We took up residence for a while in Asakusa, an old part of Tokyo, where the Sky Tree towers over an already tall city and the Asahi flame, such as it is, lies heavily on its side beneath it. We were close to shrines, big and small, that honour the Bodhisattva Kannon who is intimately linked to the Sumida River. The story goes that back in 628 AD when the area was a delta, three fishermen hauled a statue of this particular Bodhisattva out of the river. The first shrine was made of straw. Now there’s a complex of wonderful shrines, including Tokyo’s biggest and most visited.
The gift of the Sumida River hasn’t saved it from all sorts of atrocities. It may know daylight but it has concrete hips. There’s minimal habitat for river species. The Derwent in comparison is a wild eyed hippie, a moody and creative artist with a flare for change.
I didn’t notice anyone fishing in the Sumida and barely a bird apart from a lone cormorant and a tiny flock of seagulls that flew into sight beneath a bridge.
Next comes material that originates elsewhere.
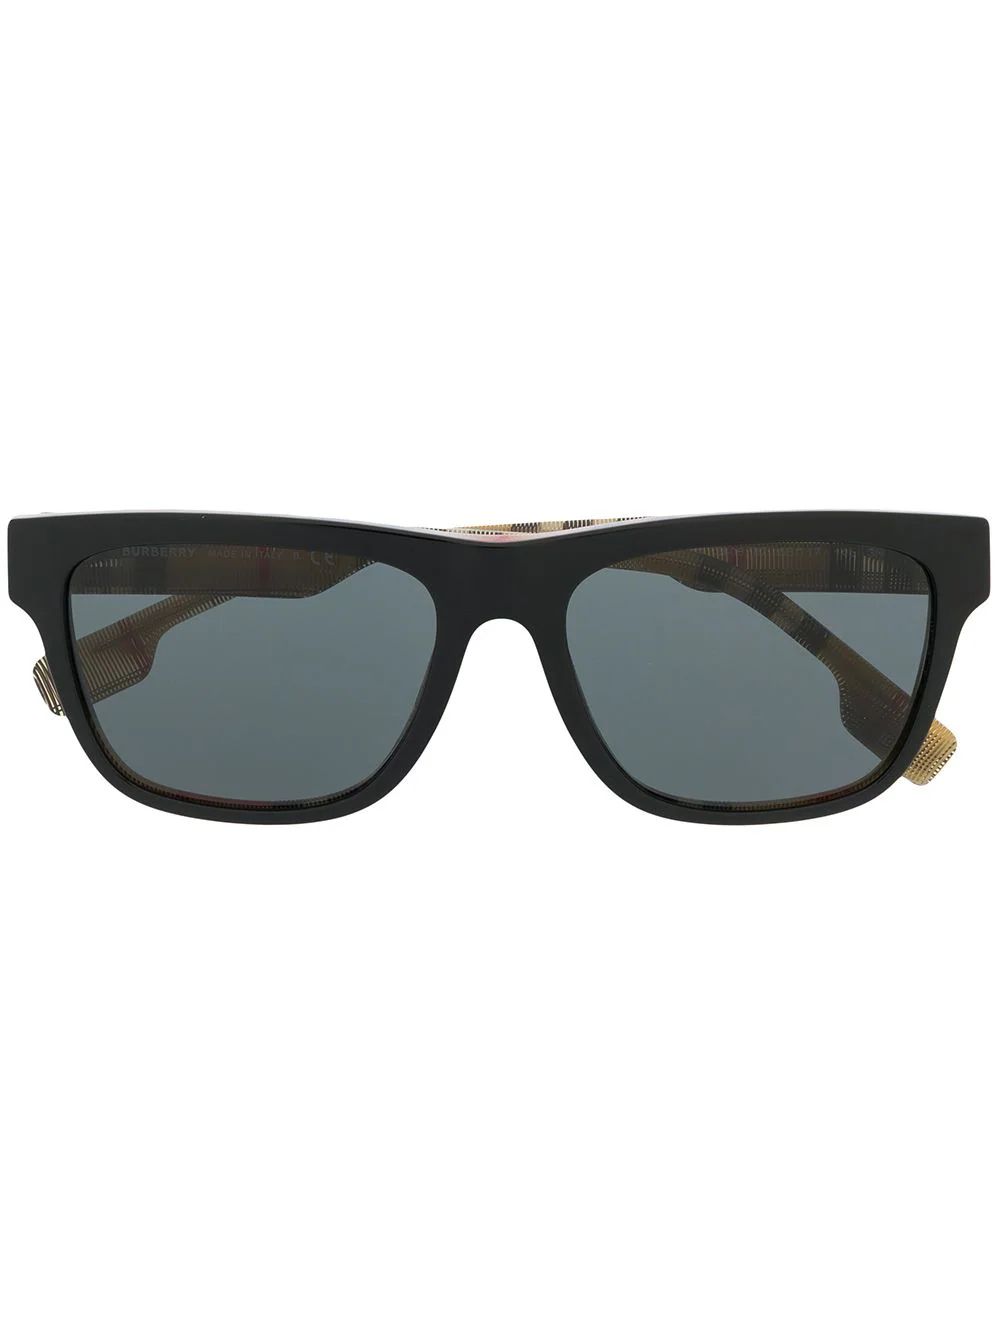 Vintage Check square frame sunglasses | Farfetch Global

In fact, with a bridge literally every kilometre along its length there’s not much river traffic either because the bridges are so low.
Flying back into Hobart is a beautiful experience – that first riveting sighting of the mountain and that most magnificent of rivers, always so spectacularly stunning from the air, is riveting.
Once my feet were on the mountain and my eyes on the river, I felt reconnected to home, ready to curl my hand around the tiller, jump on my bike, lug my kayak down to the water or take another stroll along the coastline somewhere.